Н. Дьяконов (?)
Производство в офицеры
Школа гвардейских подпрапорщиков и юнкеров. 1858 год
В мае месяце 1858 года воспитанники военно-учебных заведений готовились к царскому смотру, образуя из себя отряд, командование которым было вверено директору 2-го кадетского корпуса генералу Степанову. Отряд состоял из 6 батальонов, батареи Михайловского артиллерийского училища и эскадрона Школы кавалерийских юнкеров.
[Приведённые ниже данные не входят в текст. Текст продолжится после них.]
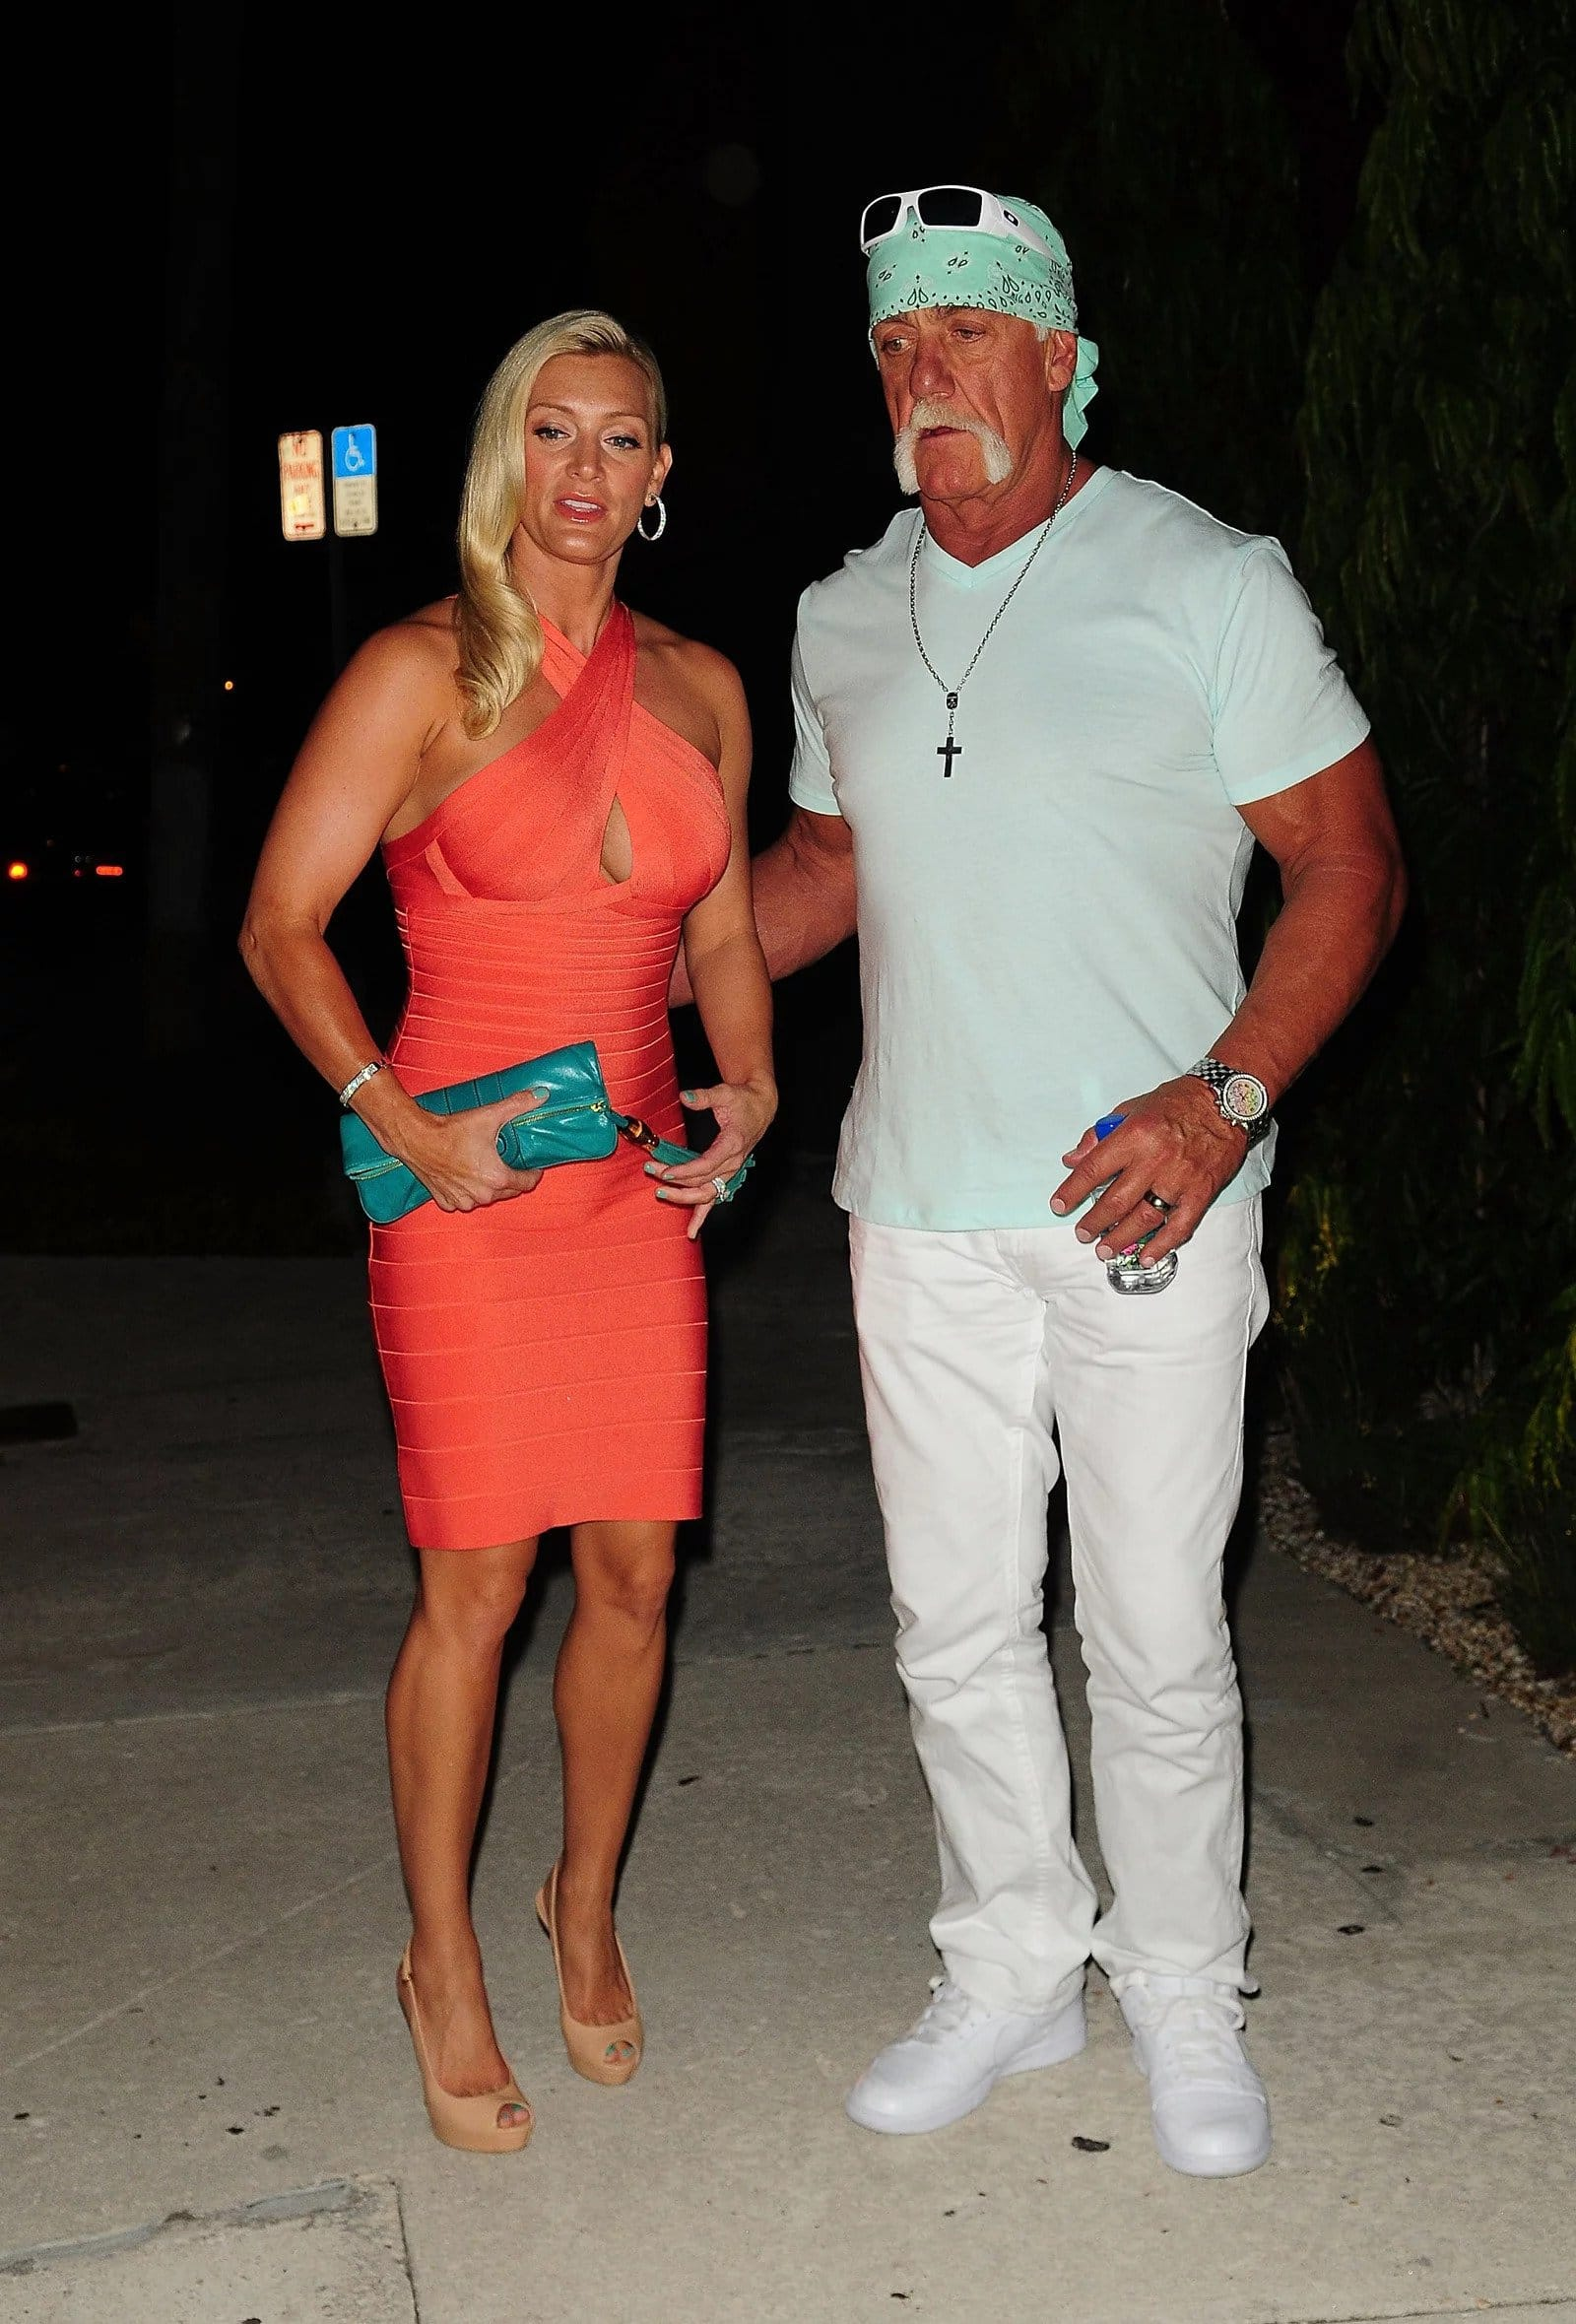 Hulk Hogan with his wife Jennifer
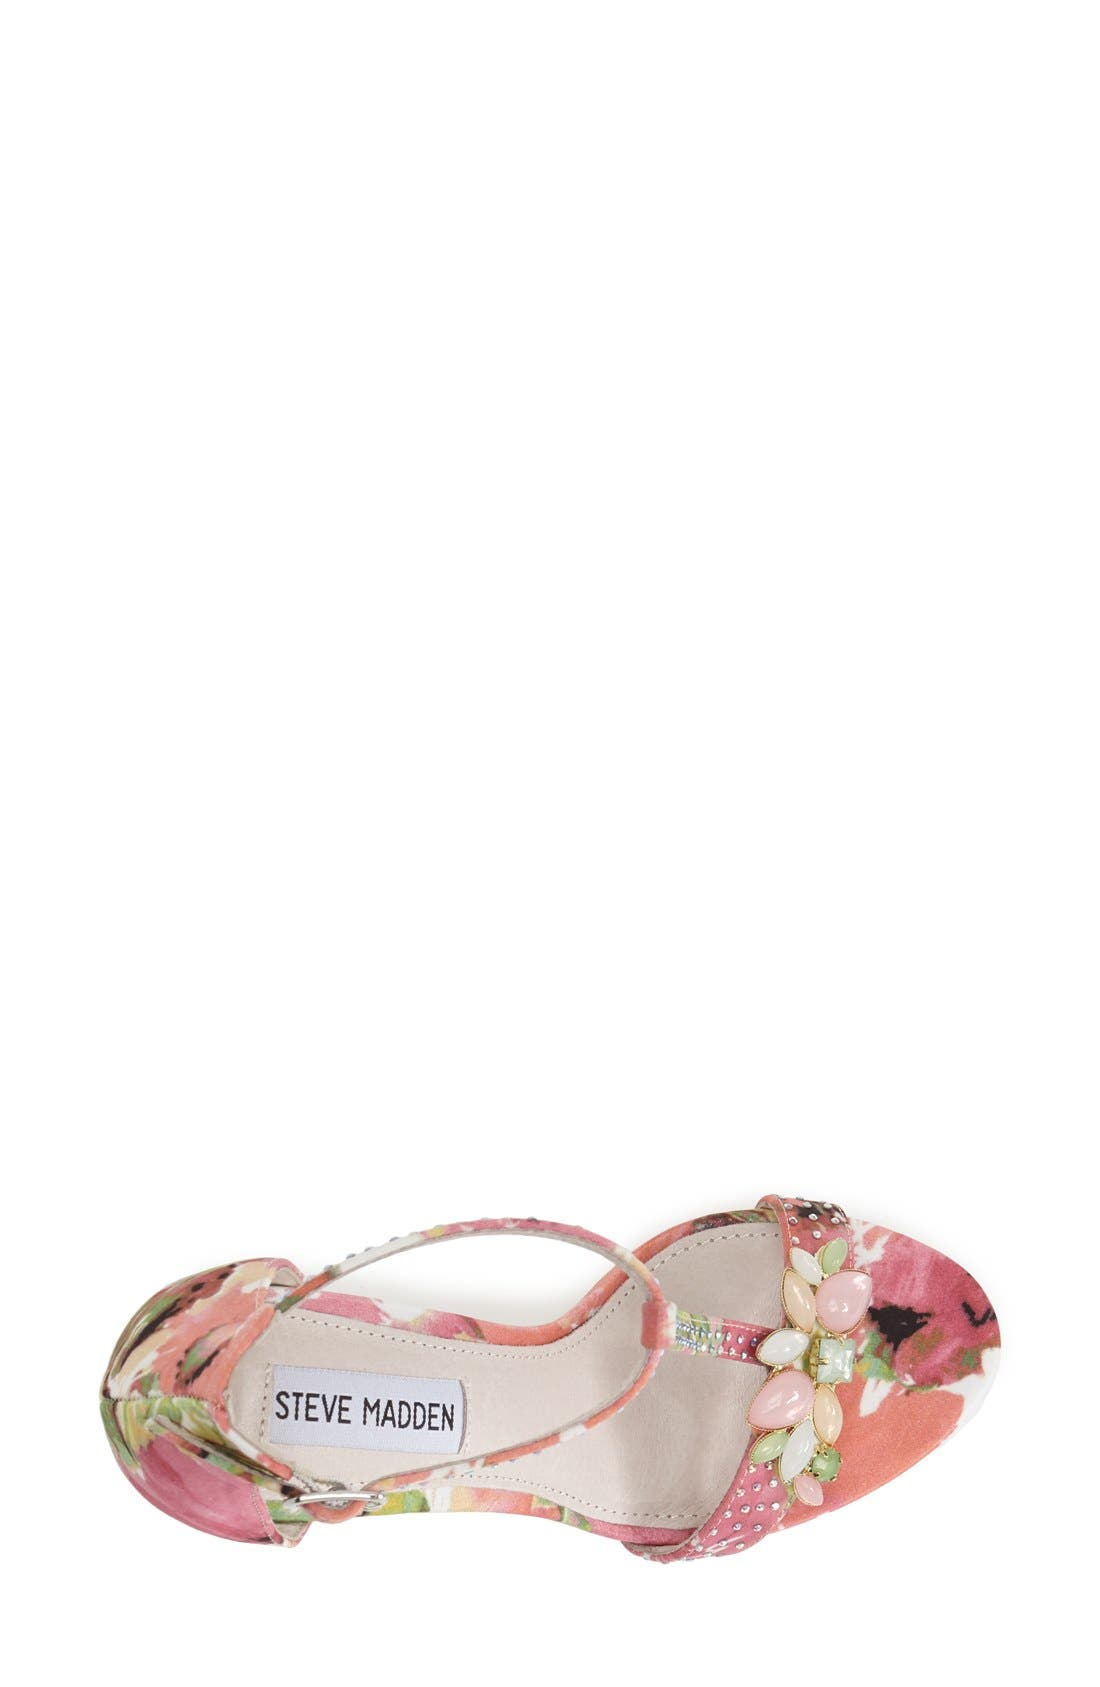 Alternate Image 3  - Steve Madden 'Shawna' Embellished T-Strap Sandal (Women)

В день высочайшего смотра отряд выстроился на Марсовом поле и по принятому порядку, после встречи государю, проделал все ружейные приемы под общую команду начальника отряда, произвел построения и хождения в колоннах и каре и уже готовился к церемониальному маршу, как произошло нечто необычайное: пока пехота строилась к церемониальному маршу, государь производил, по обыкновению, смотры училищам — сперва Артиллерийскому, а затем Кавалерийскому, и вдруг, неожиданно, по окончании смотра последнему, вызвал выпускных юнкеров и поздравил их с производством в офицеры, а это предвещало, что выпускные воспитанники других бывших на смотру заведений отставлены от производства, так как обыкновенно царские слова: «Выпускные, ко мне», — произносились после церемониального марша и относились ко всем выпускным.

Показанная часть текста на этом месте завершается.